EXERCISE PROMPT — All of the data below must be reproduced word for word, but without its images.

DATA SECTION —
══════════════════════════════
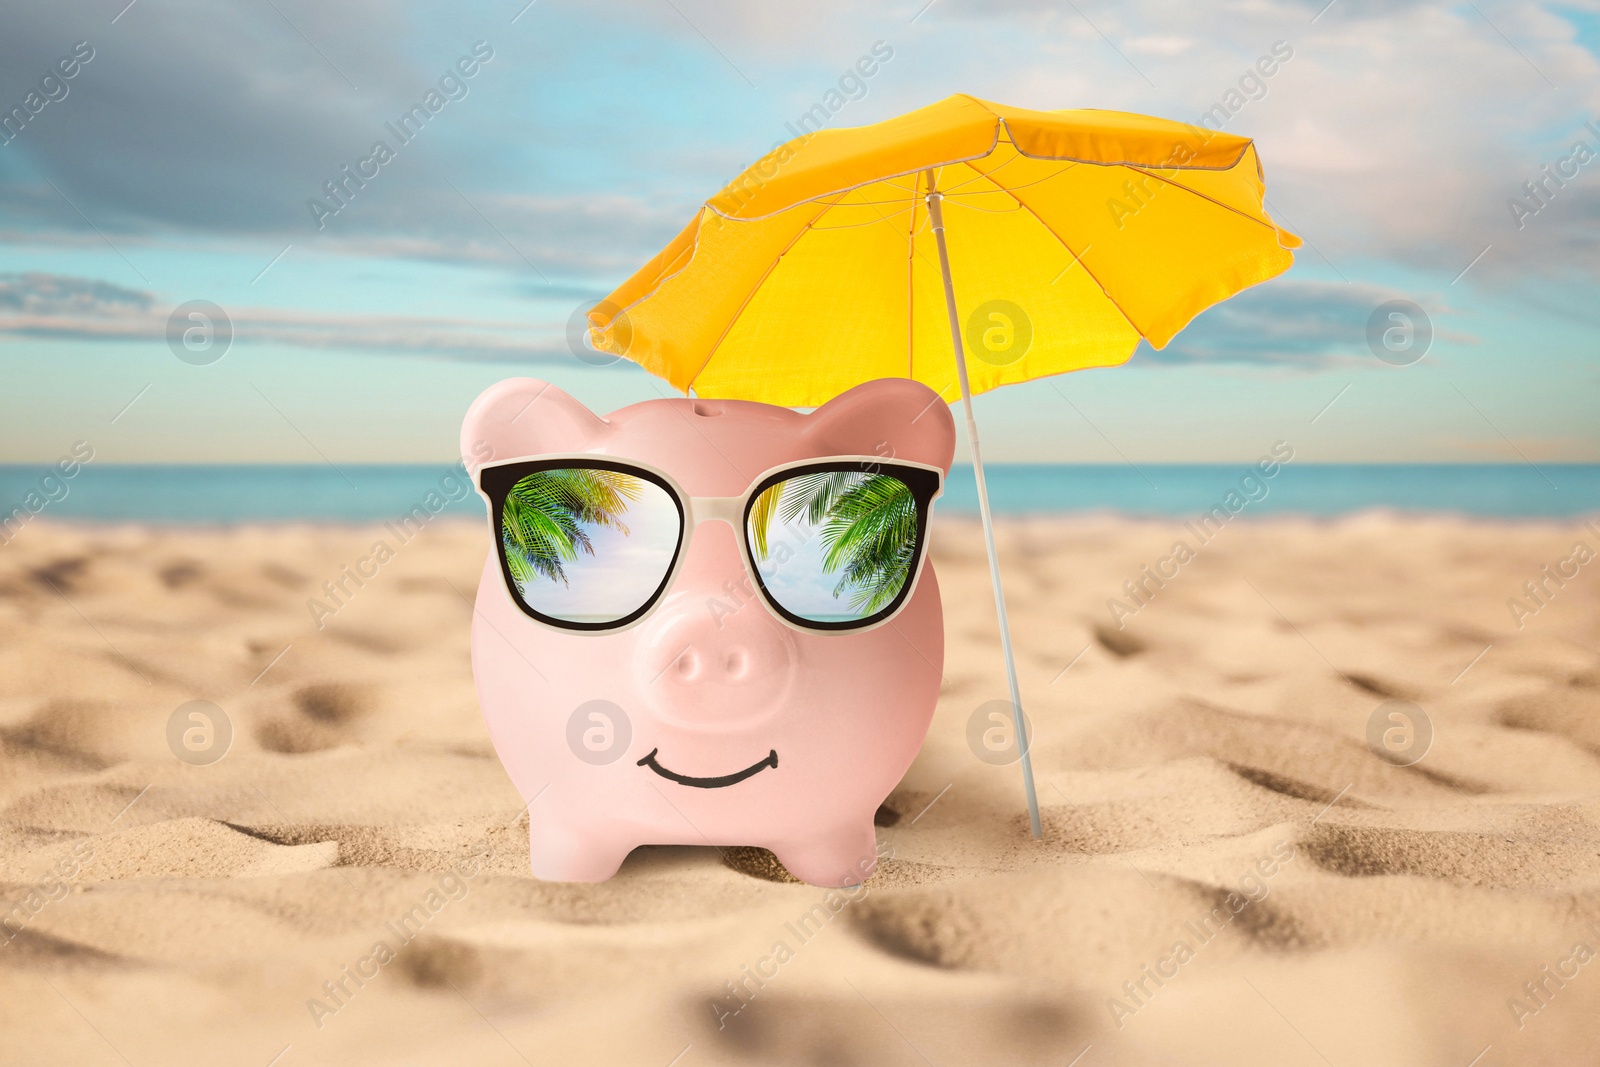 Image of Vacation savings. Piggy bank near umbrella on sandy beach near sea. Reflection of palm leaves in sunglasses
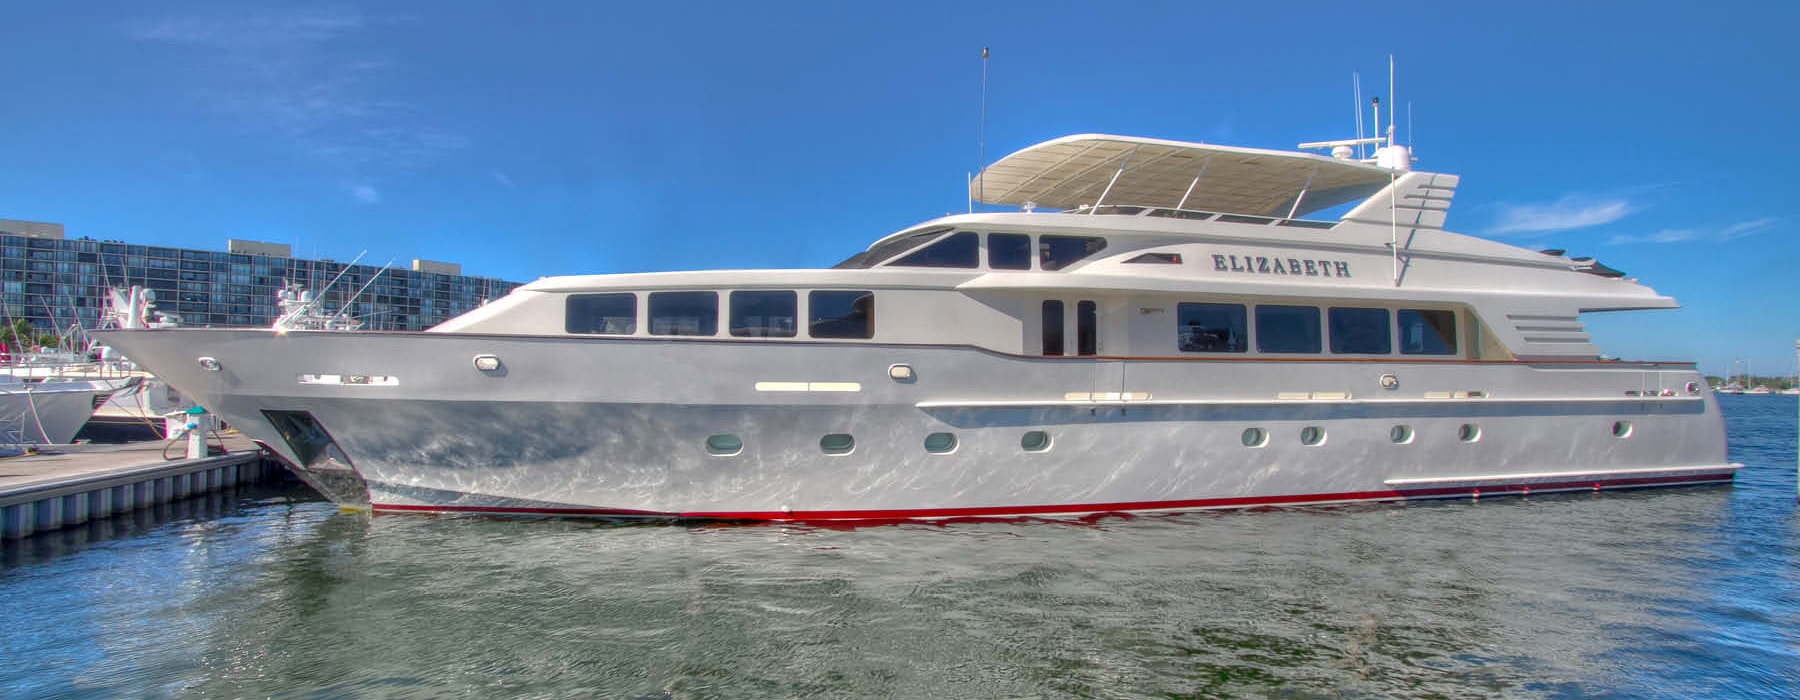 Trinity ELIZABETH Luxury Yacht For Sale
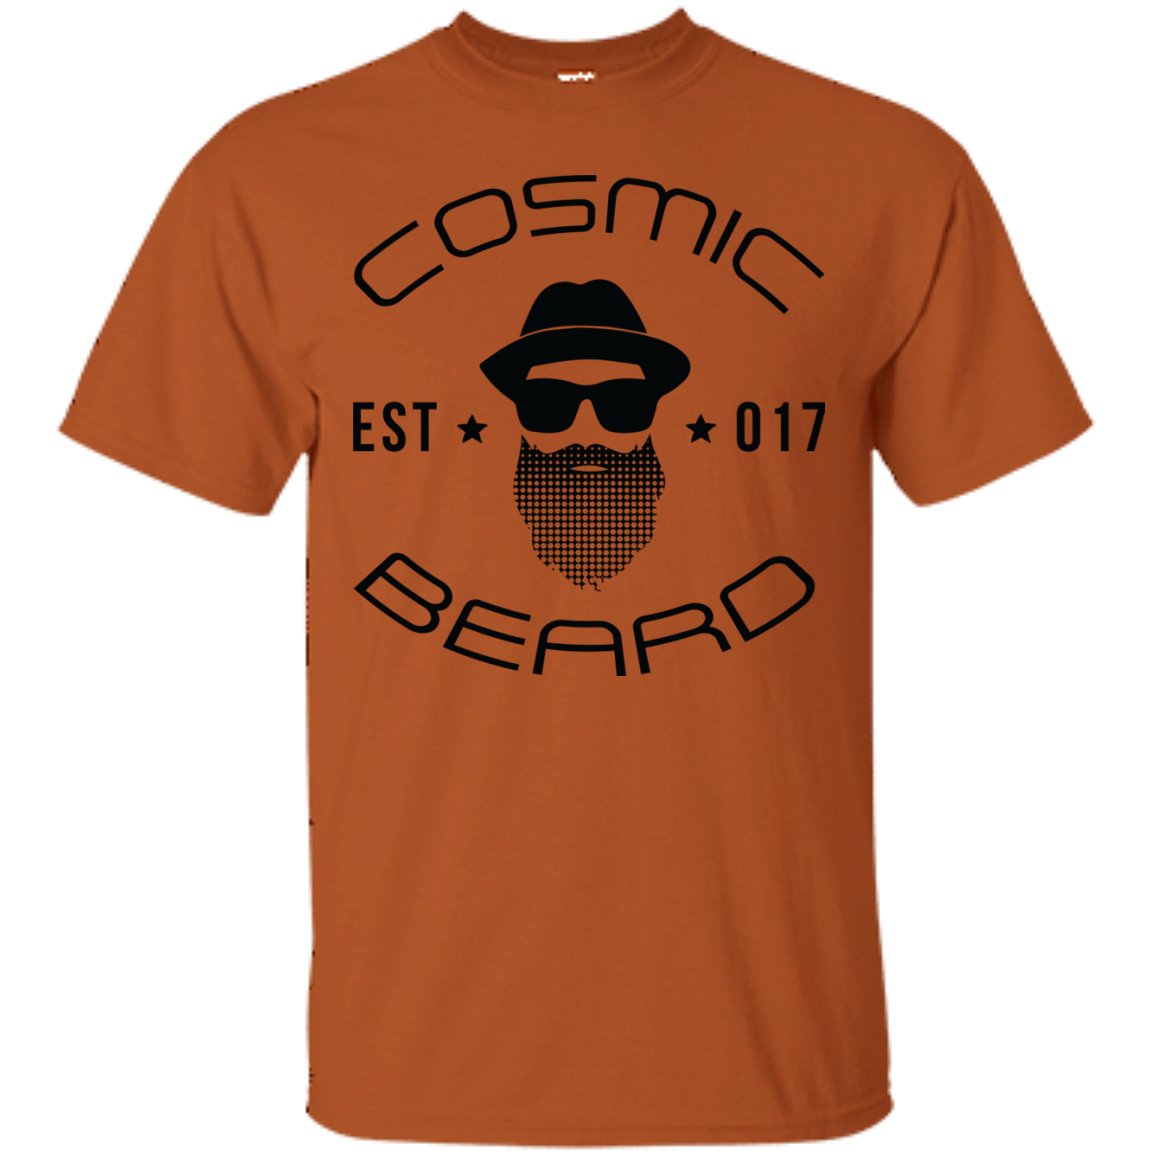 Cosmic Beard Branded T-Shirt with Black Logo
══════════════════════════════
TASK SOLUTION —
 Image of Vacation savings. Piggy bank near umbrella on sandy beach near sea. Reflection of palm leaves in sunglasses
 Trinity ELIZABETH Luxury Yacht For Sale
 Cosmic Beard Branded T-Shirt with Black Logo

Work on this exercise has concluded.